# Valentine's Day



## ChickenAdmin (Jun 4, 2012)

So what did you get your SO? 

My son and I got my Wife and daughter some stuffed animals and chocolate.


----------



## Apyl (Jun 20, 2012)

I'm not big on Valentines day. DH bought me a new Browning shirts and some tackle the other day and said it was my valentines, and he bought himself a new shirt and some bullets and said it was from me to him lol. He was just trying to get away with spending money lol, neither of us ever celebrate valentines day.


----------



## n2hostas (Jul 5, 2012)

I got my husband some cheap candy, the kind he likes and a card.


----------



## Energyvet (Jul 25, 2012)

I might get a divorce in three weeks!


----------



## 7chicks (Jun 29, 2012)

Box of his fav chocolates, card, and an evening of peace & quiet when he gets home from work ... after he tends to the wood boiler, the chickens, the dogs ...  I am away from home for the night. Have clinic till 8:30 tonight and tomorrow until 2:30 p.m. I get to be in NICU though so I am super duper happy. BABIES!!! Sweet precious babies to be rocked, held, and loved. Yeah Me!!!


----------



## Roslyn (Jun 21, 2012)

We have never done Valentine's Day. As a professional baker I'm always up to my neck in cookies and cakes and special little things, but at home it's nothing special. We have always been simple like that. I did make a tasty chocolate cake this year though. We had our "French Dinner" last night, it's our favorite. Hubby had to go out of town tonight though.
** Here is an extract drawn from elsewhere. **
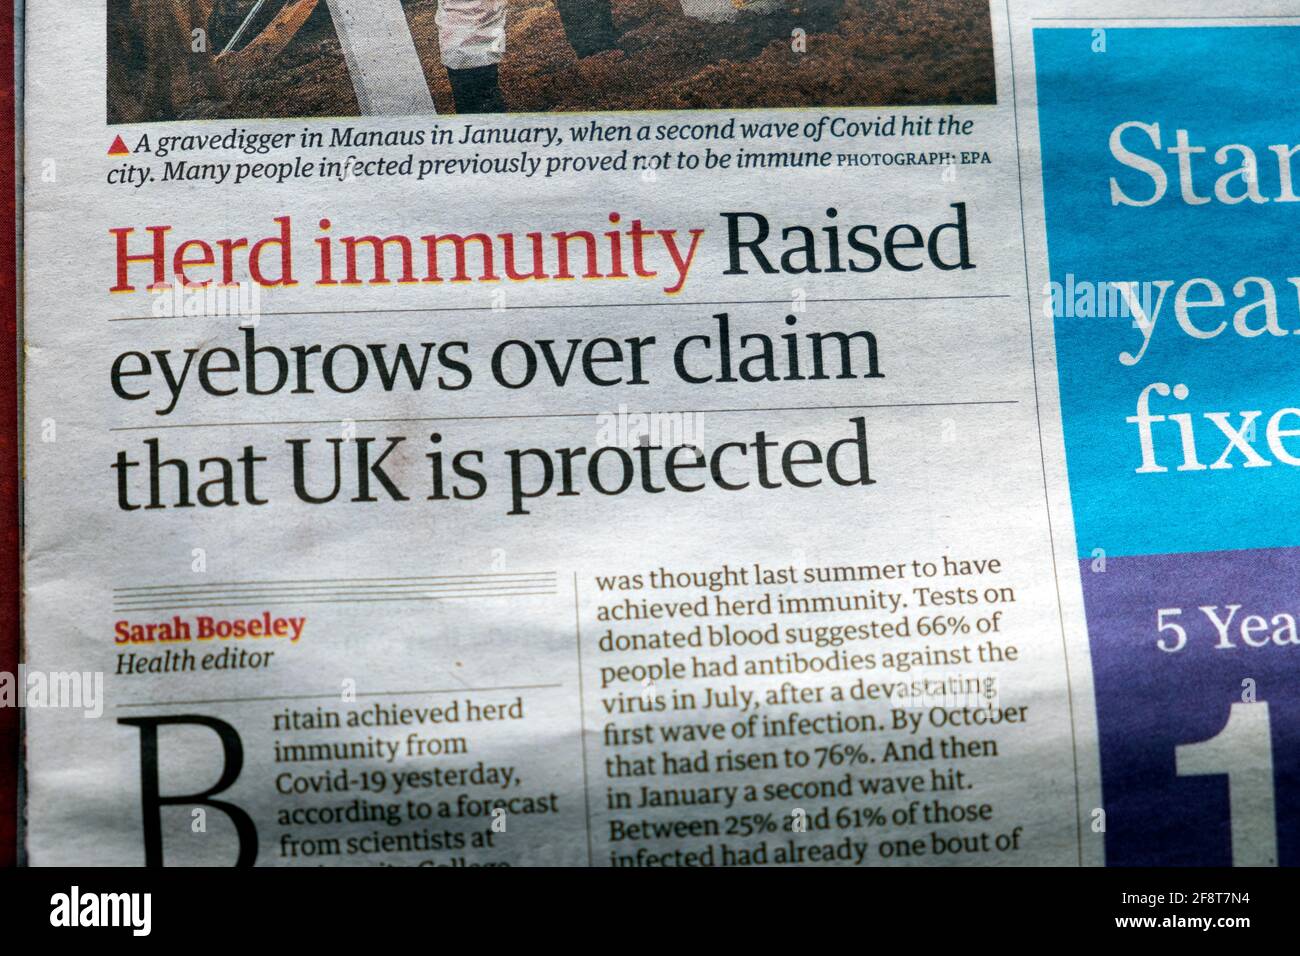 'La inmunidad de la manada elevó las cejas por encima de la afirmación de que el Reino Unido está protegido' Artículo principal del periódico Covid pandémico en Guardian London England Reino Unido 10 de abril de 2021 Foto de stock

I believe if you want to do something special you do it on a random Tuesday when you are thinking of your mate. It's spontaneous and special. It doesn't have to be fancy, we have had such great evenings with a movie and popcorn and peanut m&m's for dinner. It's not the planning, it's the moment that makes it special.
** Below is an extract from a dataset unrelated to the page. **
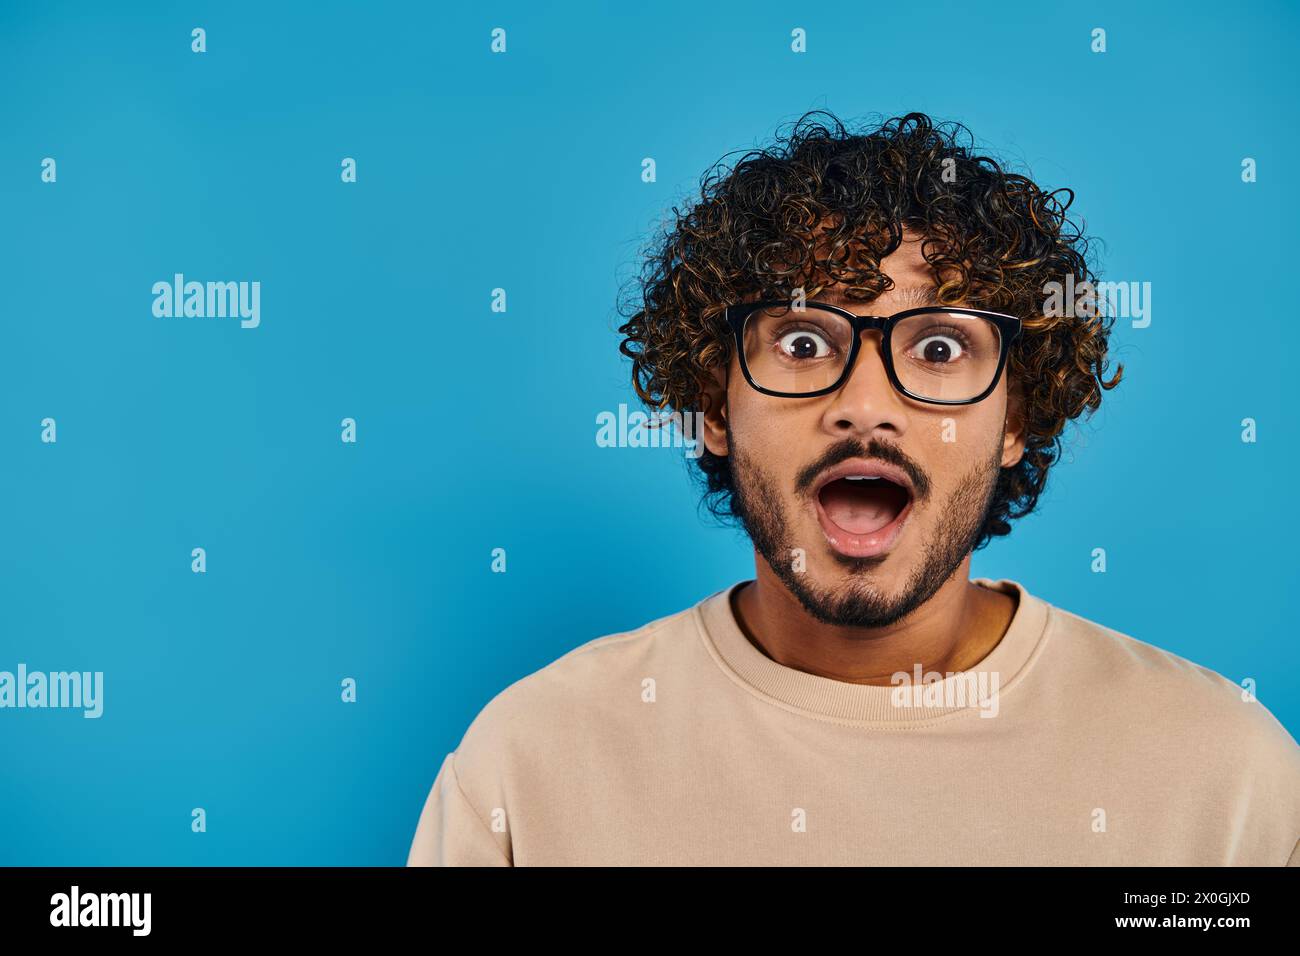 Ein indischer Student mit lockigem Haar und Brille sieht vor blauem Hintergrund überrascht aus. Stockfoto

I have to say, the happiest and most surprised I have ever been has been when he brought me home some wooden "thing" from work. It was a part of a packaging from some machine, but it has made the single most perfect compost bin ever. THAT to me was special because it showed he was thinking of me. He brought home a huge lab table for a work table for me. The kind with the thick black surface. I love that table. Both times he spent no money but the thought was so special. I remember those times, not something purchased because the calender says so.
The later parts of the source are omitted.